→ **Problem requirements**
Repeat the data as given. Images do not go in the copy.

→ **Supplied data**
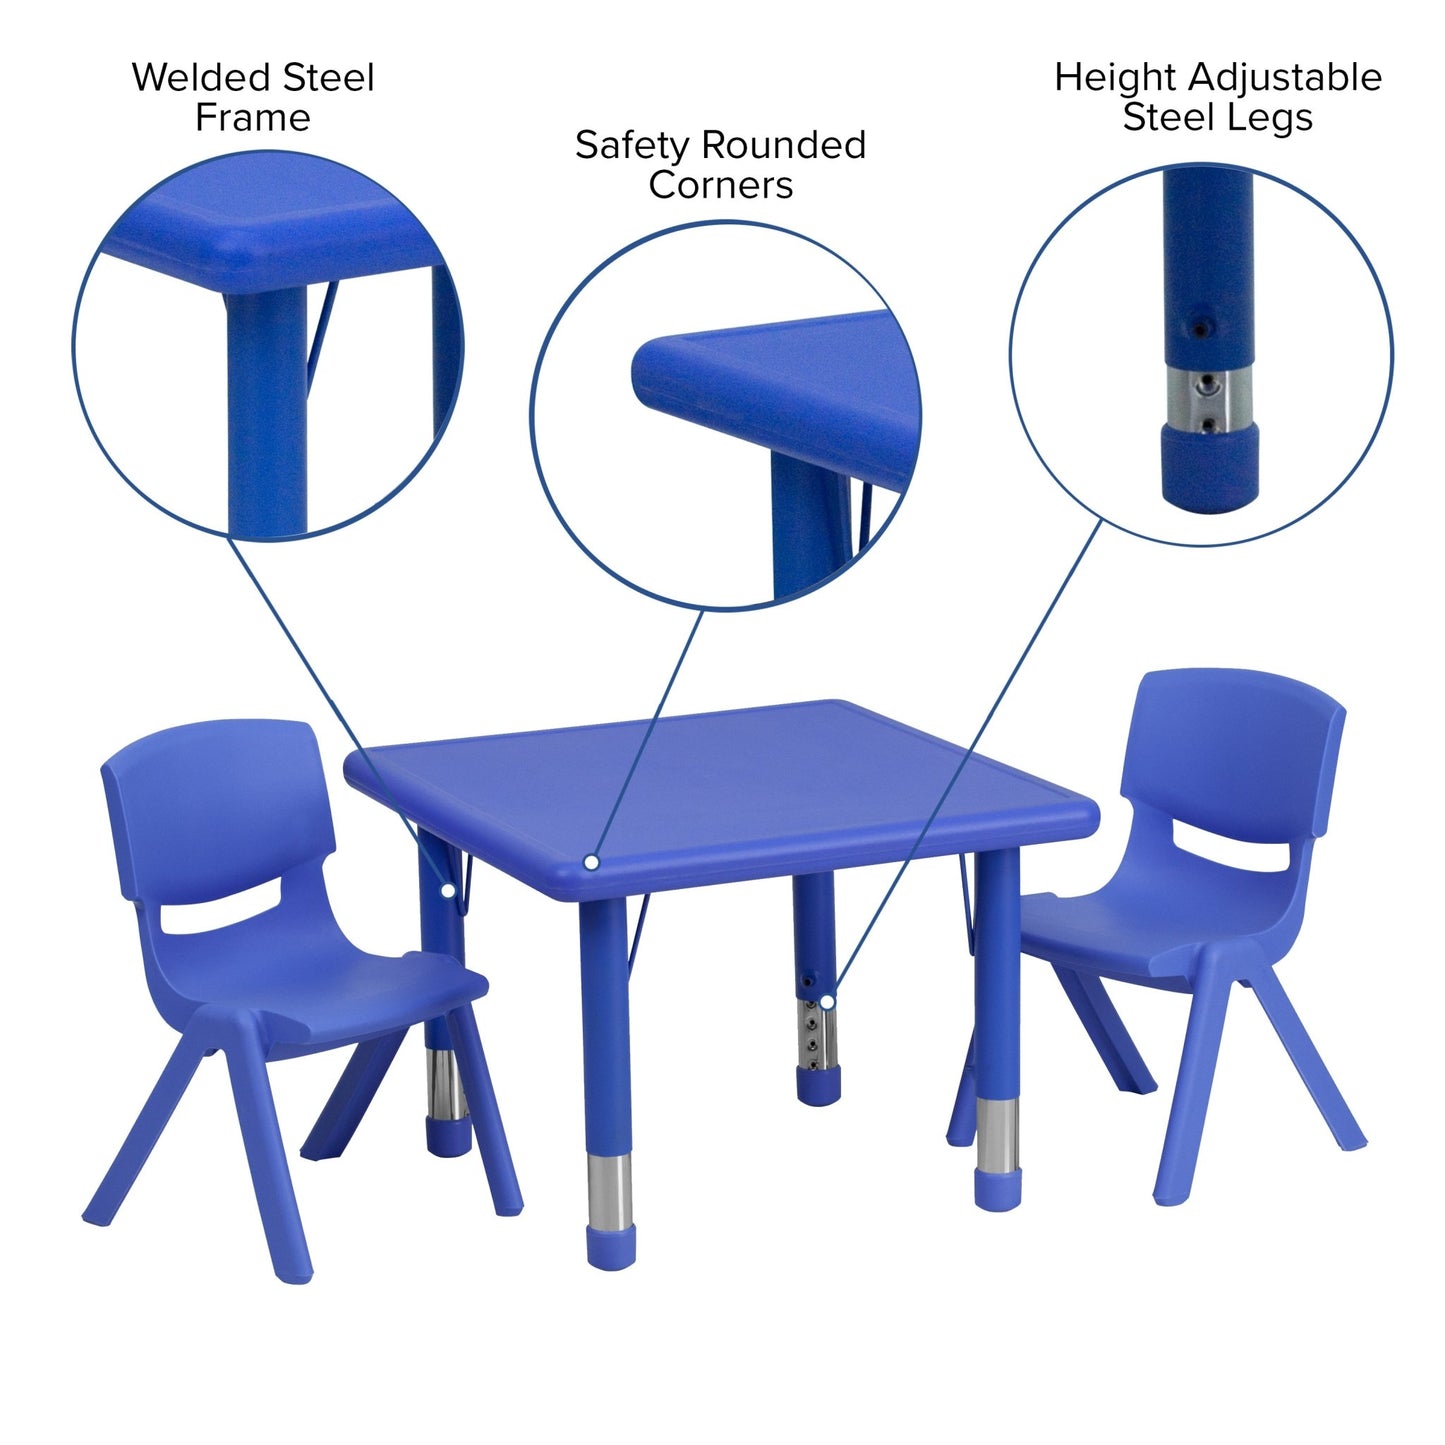 Emmy 24'' Square Plastic Height Adjustable Activity Table Set with 2 Chairs - SchoolOutlet
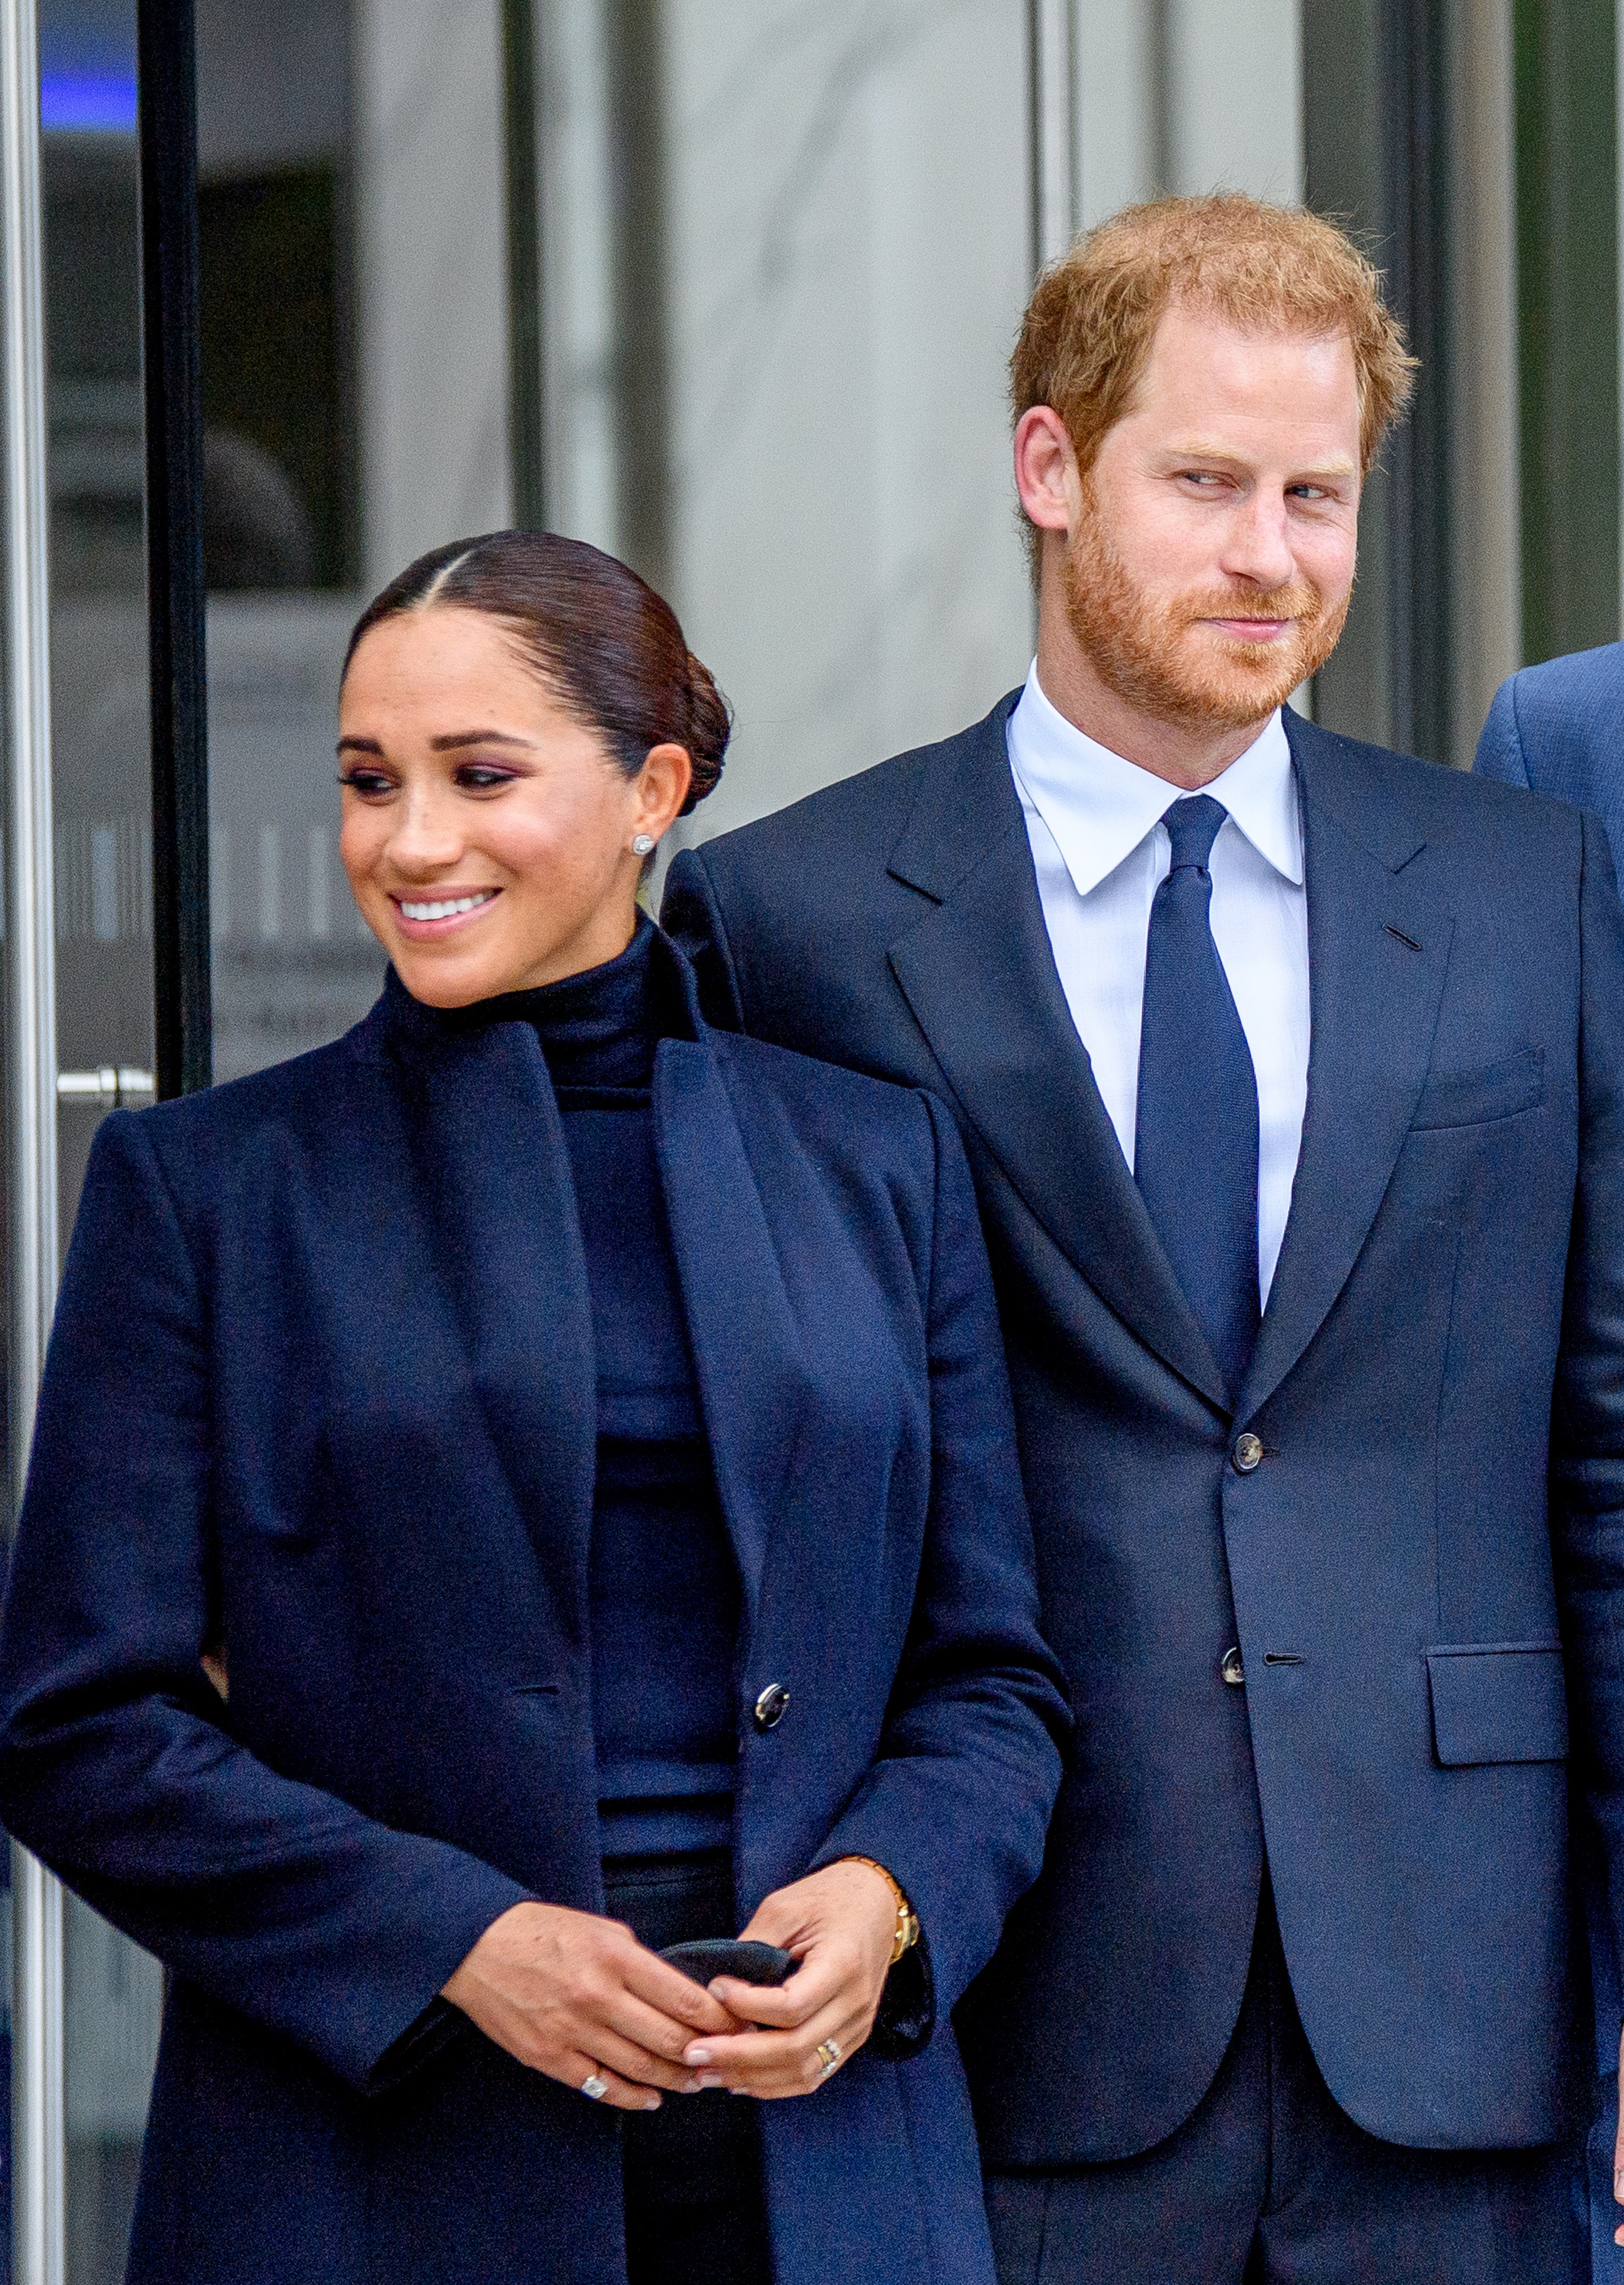 Meghan Markle and Prince Harry visit One World Observatory
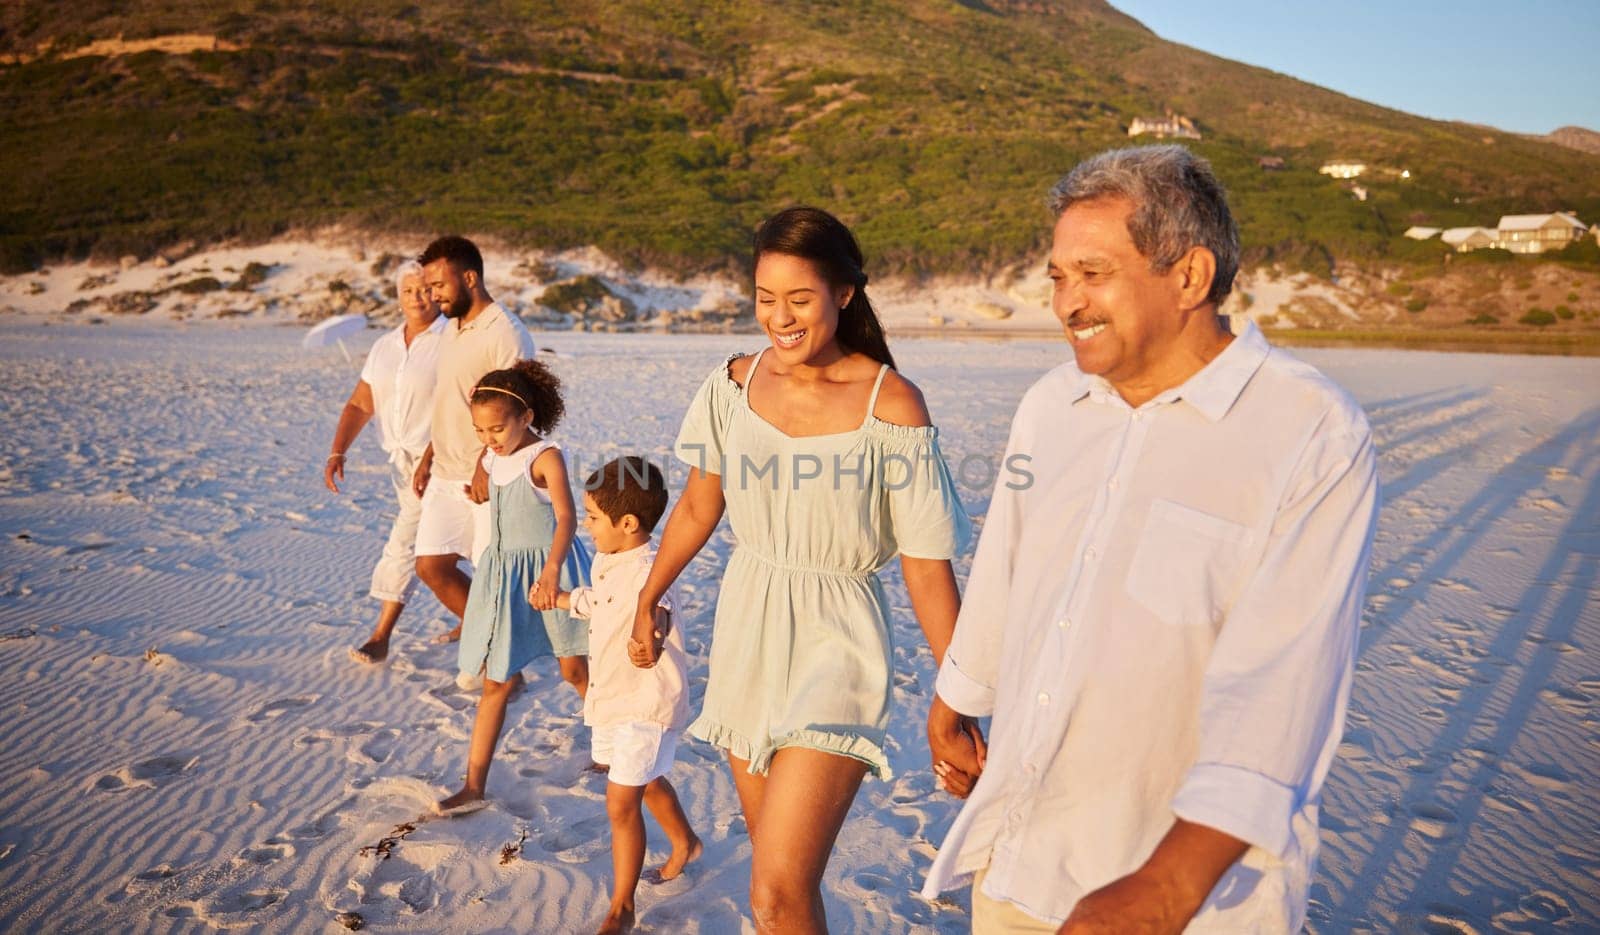 Big family, holding hands or happy kids at sea walking with grandparents on holiday vacation together. Dad, mom or children siblings bonding or smiling with grandmother or grandfather on beach sand by YuriArcurs

→ **Written response**
 Emmy 24'' Square Plastic Height Adjustable Activity Table Set with 2 Chairs - SchoolOutlet
 Meghan Markle and Prince Harry visit One World Observatory
 Big family, holding hands or happy kids at sea walking with grandparents on holiday vacation together. Dad, mom or children siblings bonding or smiling with grandmother or grandfather on beach sand by YuriArcurs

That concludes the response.